With that said, it is undeniable that in recent years, Erdogan has devoted significant time to this effort. The Turkish Ministry of Foreign Affairs explains how “being an Afro-Eurasian state, Turkey’s policy of opening up to Africa ….is the product of a process with strong historical and cultural aspects. It is, foremost, the expression and natural result of the firm feelings of friendship and partnership between Turkish and African peoples.” Recent commentaries on Ankara-African initiatives highlight the Turkish base in Mogadishu, the 41 embassies that Turkey has in Africa nowadays, and the fact that “state-run Turkish Airlines now flies 52 routes from Istanbul to 33 different African countries, when it only flew to 14 in 2011.” Countries like Somalia and Sudan, given their location by the Horn of Africa, as well as Libya, due to its natural resources, are of particular interest to Ankara.

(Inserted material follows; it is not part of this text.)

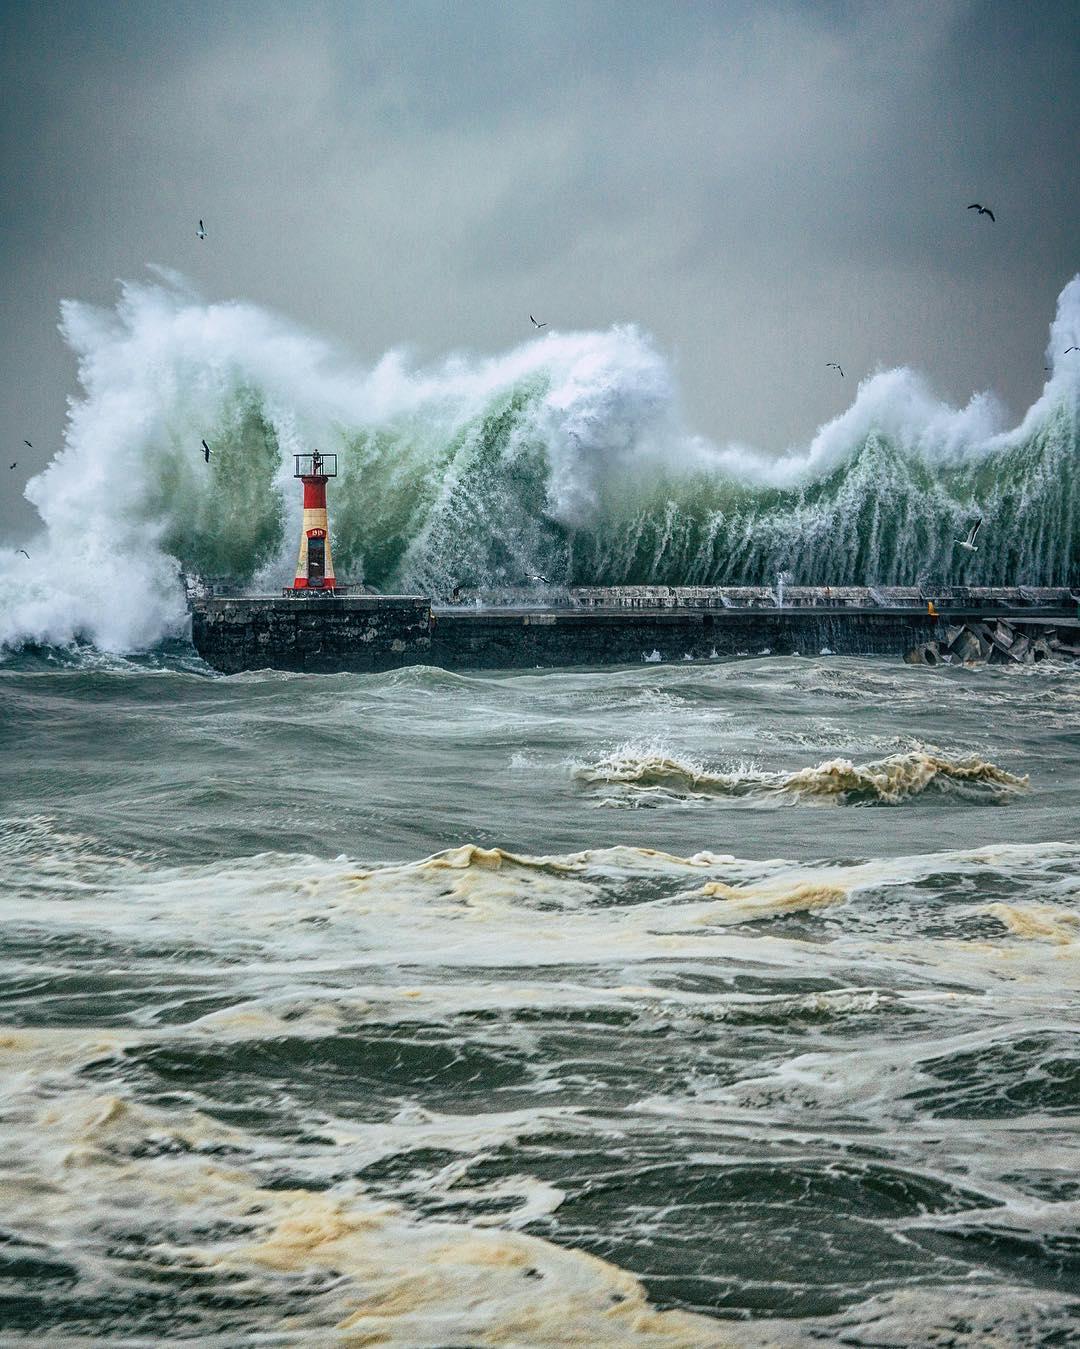 Красивые снимки из путешествий от Kyle Mijlof

As a caveat to this case-study, it is necessary to mention that, at the time of this writing, President Erdogan has ordered that Turkish troops will go to Libya to support the UN-backed government there as a new civil war rages on. This is a strong signal of how far the Turkish leader is willing to go to protect his government’s interests in Africa.
The authors of this analysis have sought to explain the variety of suppliers that sell defense equipment to African states. We are talking about firms across the world, including African-based companies, in addition to a plethora of other defense-related activities like the donation of surplus equipment, joint partnerships between defense companies, military training activities, among other programs.
While other analyses tend to focus on the usual subjects, namely the US, China or Russia, we believe that Turkish defense relations with Africa, including weapons sales, deserve greater attention by the international research community. These ties are particularly significant as Ankara has, in recent years, sought to increase its overall footprint in Africa.
As conflicts and instability continues in various hot spots throughout the continent, and defense and security forces seek new, modern and lethal (and sometimes non-lethal) equipment, there will be a never-ending list of potential suppliers to African nations.
The views expressed in this article belongs to the authors alone and do not necessarily reflect those of any institutions with which the authors are associated.